Некоторое время спустя мы почувствовали под ногами дно, и нам показалось, будто мы – маленькие дети, что отдалились от берега и борются с толщей воды, пытаясь выбраться на песок. Мы шагали в никуда, или, по крайней мере, нам так казалось; достаточно было просто передвигать ноги – один шаг, потом другой. И вдруг наши головы показались на поверхности. Идти легче не стало, но мы шагали, пока не вышли из лавы совсем и не оказались в гроте возле озера, неожиданно спокойного и маслянистого. Когда мы очутились на берегу, вся жидкость полилась с наших тел, нашей одежды и обуви и вся до последней капли вернулась в озеро. В одно мгновение ока мы стали такими же сухими, какими были до прыжка с вершины Везувия. Жаль, что ты не видела, Прозерпина, изумленное лицо Бальтазара Палузи.
– Здесь, внизу, многое довольно трудно понять, – пояснил я ему, прежде чем он успел открыть рот, – но понять можно.
Потолок в пещере, где мы теперь стояли, был довольно низким и неровным. Бальтазар по-прежнему нес за плечами мой loculus легионера. Я забрал у него мешок, повесил себе на спину и сказал, указывая на туннель, открывшийся перед нами:
– Пошли.
Бедный Бальтазар Палузи был так потрясен, что надолго потерял дар речи.

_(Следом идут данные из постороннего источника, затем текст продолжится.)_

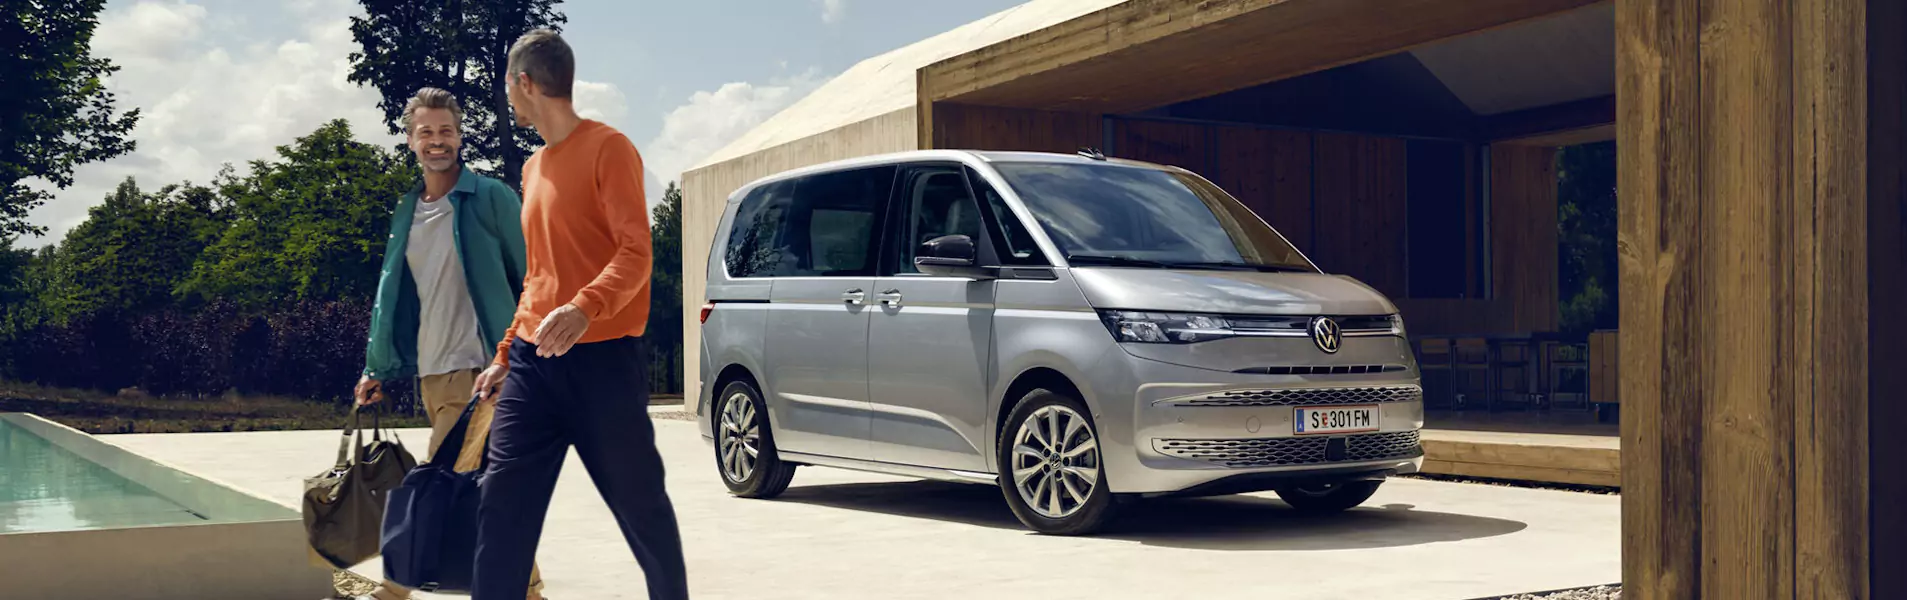 Volkswagen Multivan: carrinha de transporte de passageiros de 7 lugares

По правде говоря, я не стал дожидаться его вопросов и сказал:
– Единый Бог живет так далеко отсюда, что нам бы пришлось шагать сто лет. Но ты не переживай, пешком мы не пойдем, потому что очень скоро окажемся там, где нас ждет очень удобный транспорт. Я называю это место Капустным лугом.
– Надеюсь, эти кочаны умеют передвигаться достаточно быстро, – недовольно проворчал он.

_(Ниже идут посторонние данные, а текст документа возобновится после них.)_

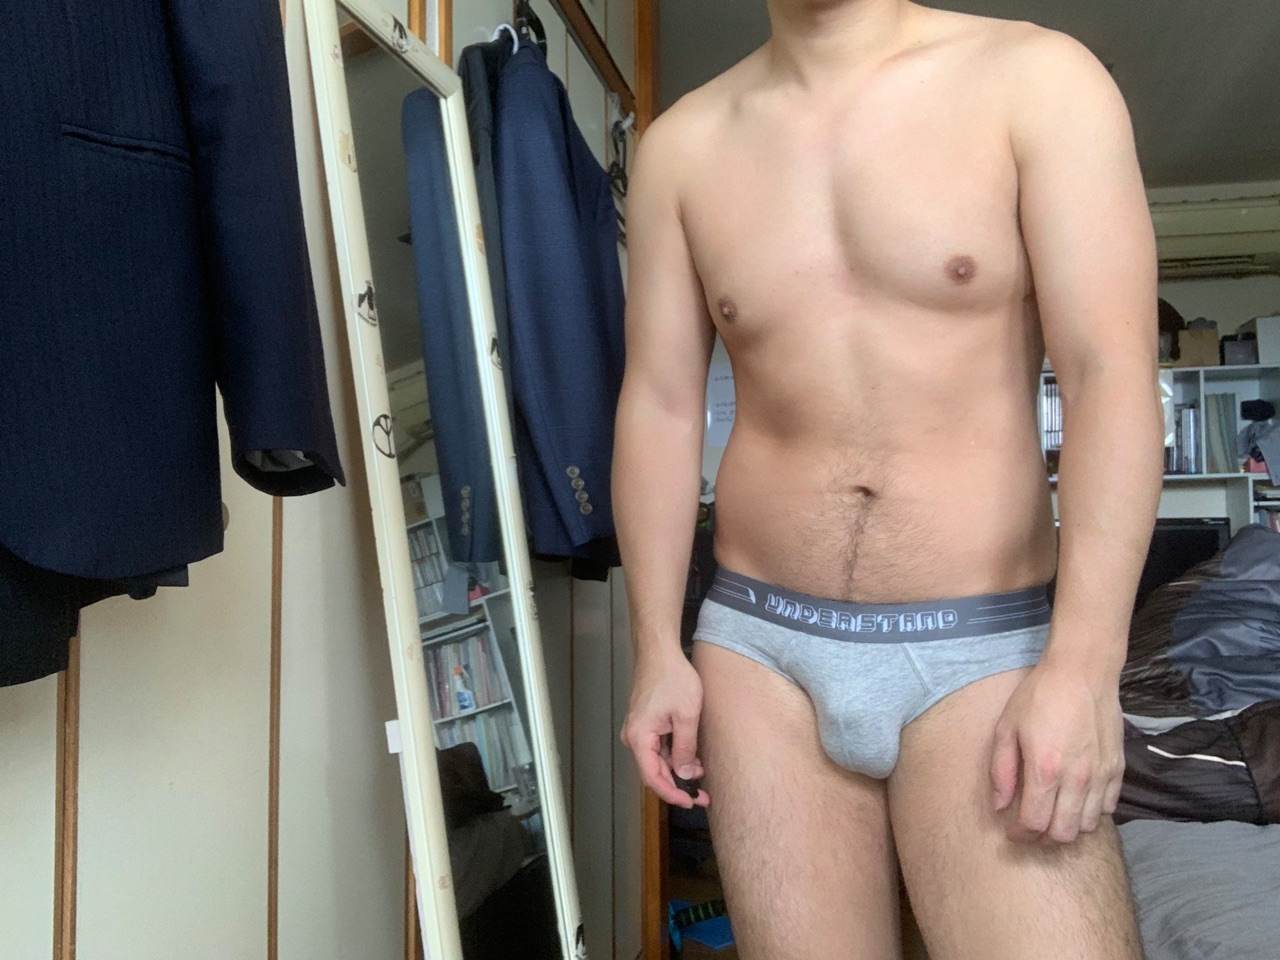 Hot men in underwear 487

Вскоре туннель привел нас на Капустный луг, который был обширнее Марсова поля[89]. По высоченным каменным сводам над ним медленно, очень медленно и непрерывно передвигались лиловые всполохи, освещавшие это странное место. Я называл его Капустным лугом, потому что там повсюду росли какие-то странные огромные растения в человеческий рост, которые отдаленно напоминали нашу земную капусту. Может быть, такое название не совсем верно: на самом деле они вызывали в памяти большие морские водоросли и постоянно колебались, словно под порывами ветра, хотя воздух был неподвижен. Их плотные, но гибкие листья были серыми, как и стены вокруг, но более блестящие и серебристые. Бальтазар поглядывал на эту «капусту» недоверчиво: ее волнообразные движения ему не нравились. И действительно, постоянное колебание листьев приводило к странному оптическому эффекту: глаз никак не мог с точностью определить, куда они склонялись – вперед или назад, раскрывались или сжимались. Над всем лугом разносилось жужжание невидимого улья.
Я вытащил из мешка два маленьких узелка и протянул один Бальтазару Палузи.
– Сейчас мы будем действовать так, – объяснил я ему. – Мы пойдем среди этих кочанов и будем протягивать узелок всем растениям на нашем пути. Если что-то заметишь, остановись.
– А что я должен заметить?
– Когда услышишь, что растение мурчит, как котенок, протяни ему свой узелок и открой. Это все, а потом жди и ничего не бойся.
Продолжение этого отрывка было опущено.